Since FDA published the draft guidance in August 2014, it has granted a little over 100 "direct" De novos that were submitted after the guidance was issued, and only a few dozen since the final guidance was in October 2017. The process is still not finalized. FDA posted a Proposed Rule for comments earlier this year.
So, not much experience to be found out there, possibly none here on Elsmar Cove. Moreover, it's not clear how much past experience will apply to future De novos, or how much experience with any given De novo will translate to another, since they are...well, De novo. To the extent they are truly novel devices (and this remains to be seen), you need to figure things out for yourself, with no predicate to guide you.
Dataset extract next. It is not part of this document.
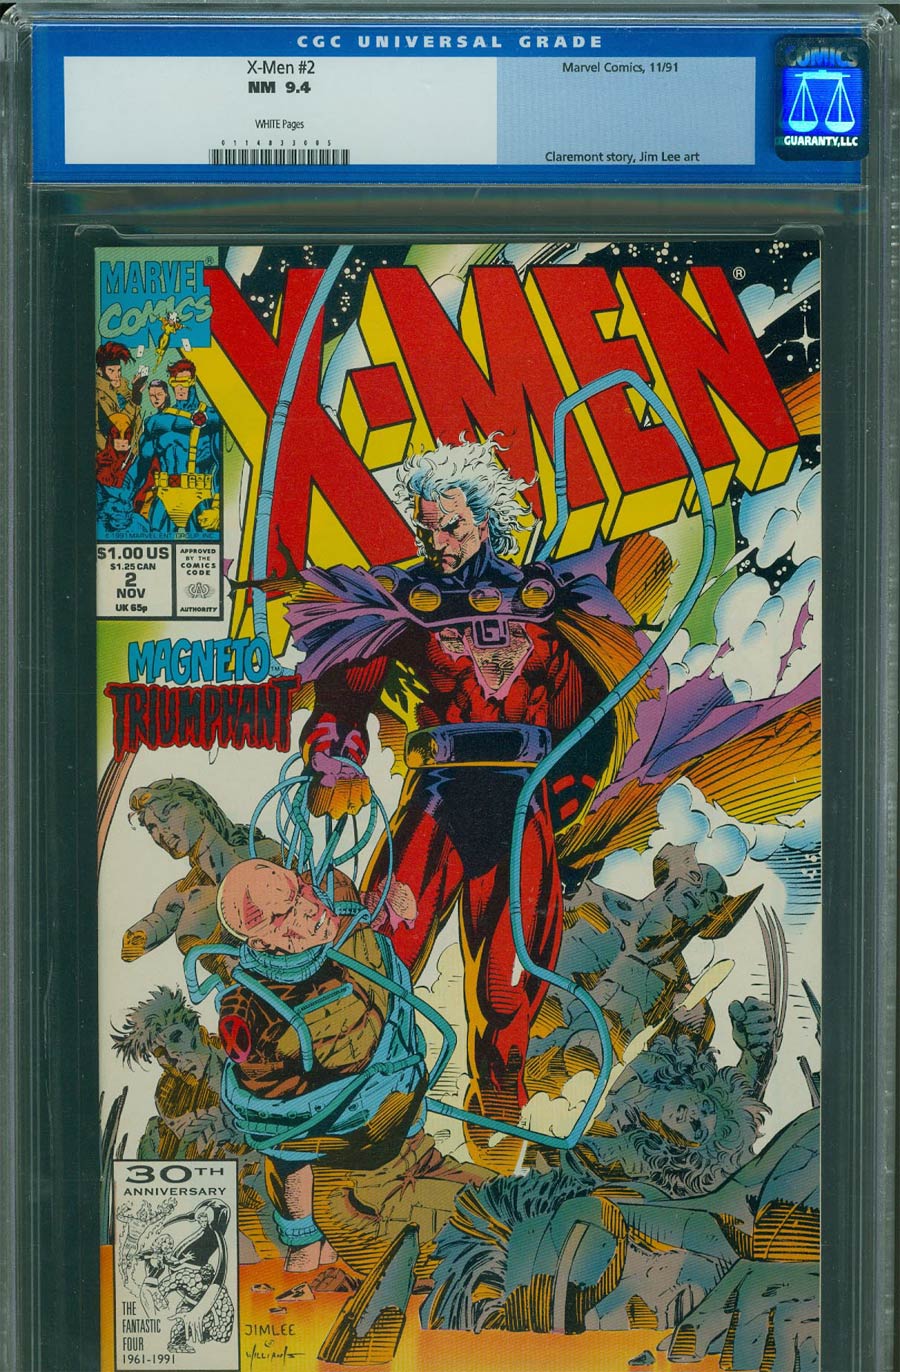 X-Men Vol 2 #2 Cover C CGC 9.4

The existing experience with truly novel devices is with original PMAs, rather than with 510(k)s, and this experience is also not that common within the industry.
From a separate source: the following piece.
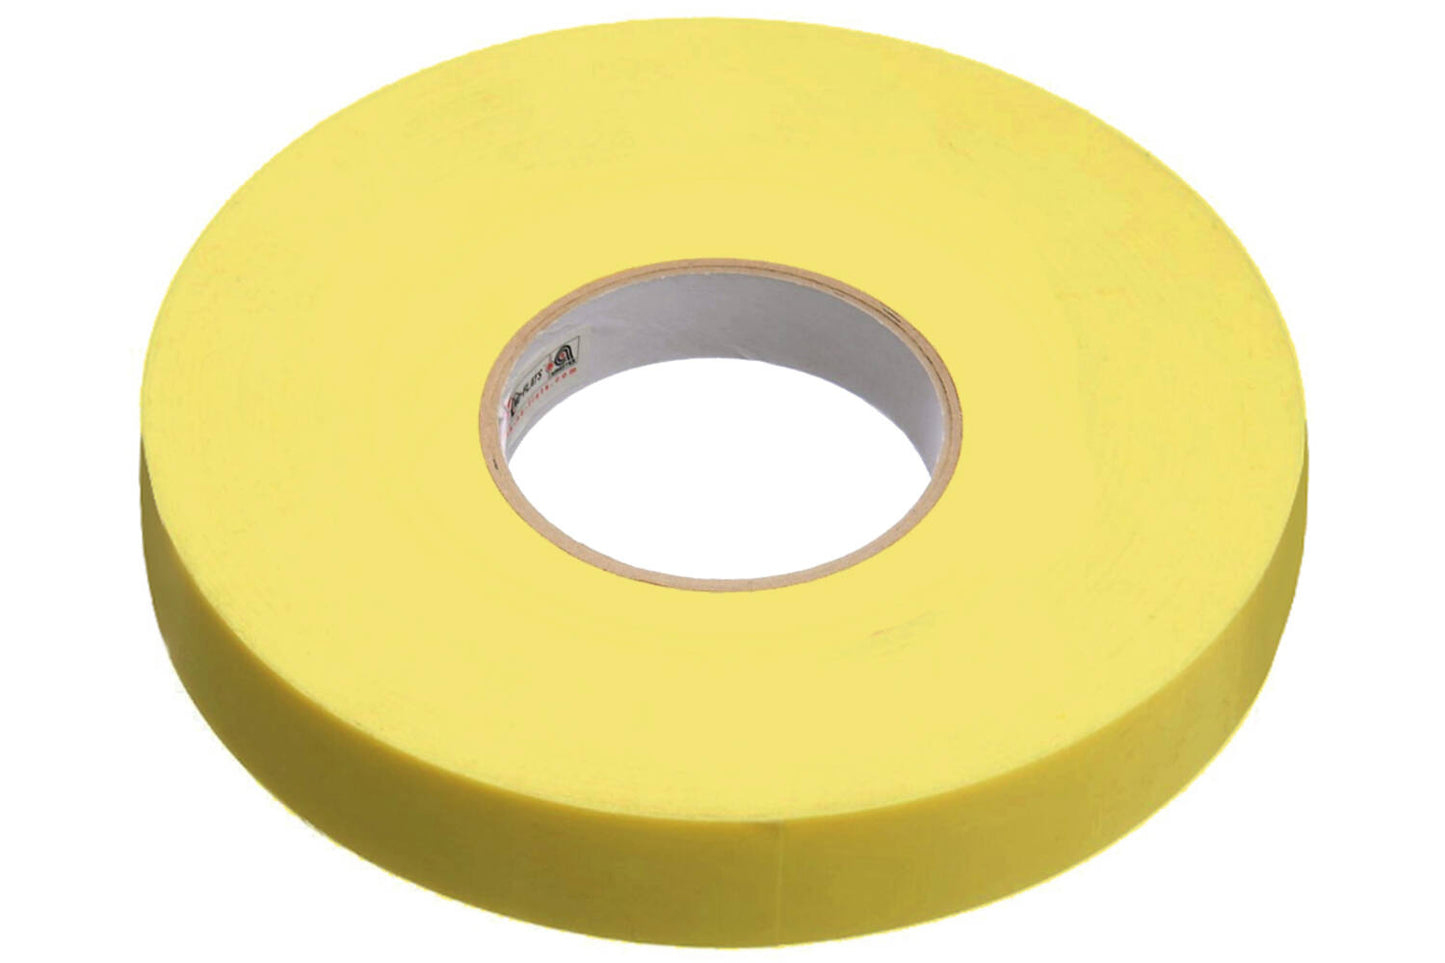 Joe's No Flats - Correos sin tubo Slint amarillo 29 mm x 60m

I have been following the De novo process since before the draft guidance was issued. Early on, I spoke with several FDAers about the process and also to a number of RA professionals who had done a De novo. Those who had worked on PMAs thought the De novo was a walk in the park. Those who had worked only with 510(k) devices had mixed experiences.
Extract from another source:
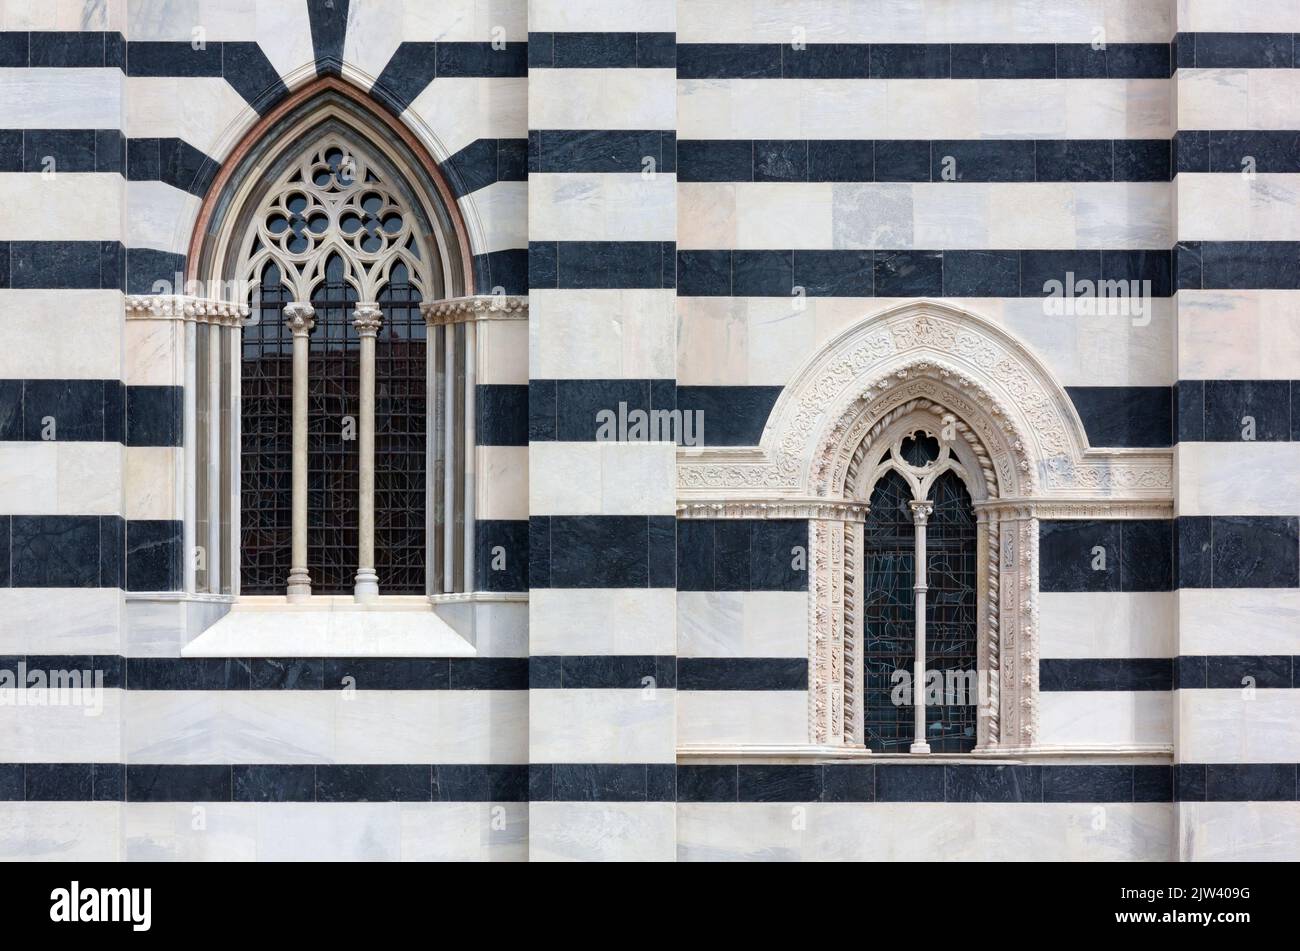 Particolare della facciata esterna del Duomo di Monza, Italia, e dei suoi marmi bimonati dopo la ristrutturazione terminata nel 2020 Foto Stock

I am currently working on some high-level analyses of the De novos that had made it though FDA as of December 31, 2018. It is very slow going, because the FDA's databases are pretty clunky. In addition, the sample size is still too small to make it useful for anything but a high-level analysis at this point. When I get an analysis completed, I will post it to Elsmar Cove. I have split out ODE and IVDR De novos, and should have some very basic statistics on the ODE De novos available in the next 2-3 weeks.
I have not taken a De novo through FDA yet. Getting old, and at the rate they are going, might never. I have developed a few regulatory plans and one pre-submission packet, mostly for startups, which is to say, mostly for devices that will probably not make it from initial plan to market, sigh.
Tips:
1. It's all about the risk. (So much so, that by now I have a song in my head set to Meghan Trainor's "It's All About That Base," which finishes, "...no benefits.") This was the first early wisdom to emerge, probably based more on a reading of the guidance than experience. As it turned out, per FDA, it was the actual classification that was the most common stumbling point encountered with early experience. Not surprising, since (no matter what they tell you) neither FDA nor industry has much experience with classification. (510(k) devices are essentially "pre-classified," based on the predicate.) This has probably improved lately, especially on FDA's side.
2. Do a pre-sub meeting. Absolutely, positively.
3. Get an experienced consultant. Really. It's hard enough for a device startup to make it without one. A consultant with De novo experience might be great, but experience in the therapeutic area, and maybe with the technology (e.g. imaging, software, IVD) can be as important. What you need most, IMO, is substantive premarket experience with FDA, beyond that which you will get by filing some bench tests to show equivalence to a "me too" predicate. Experience with 510(k)s that require clinical trials, De novos, or PMAs.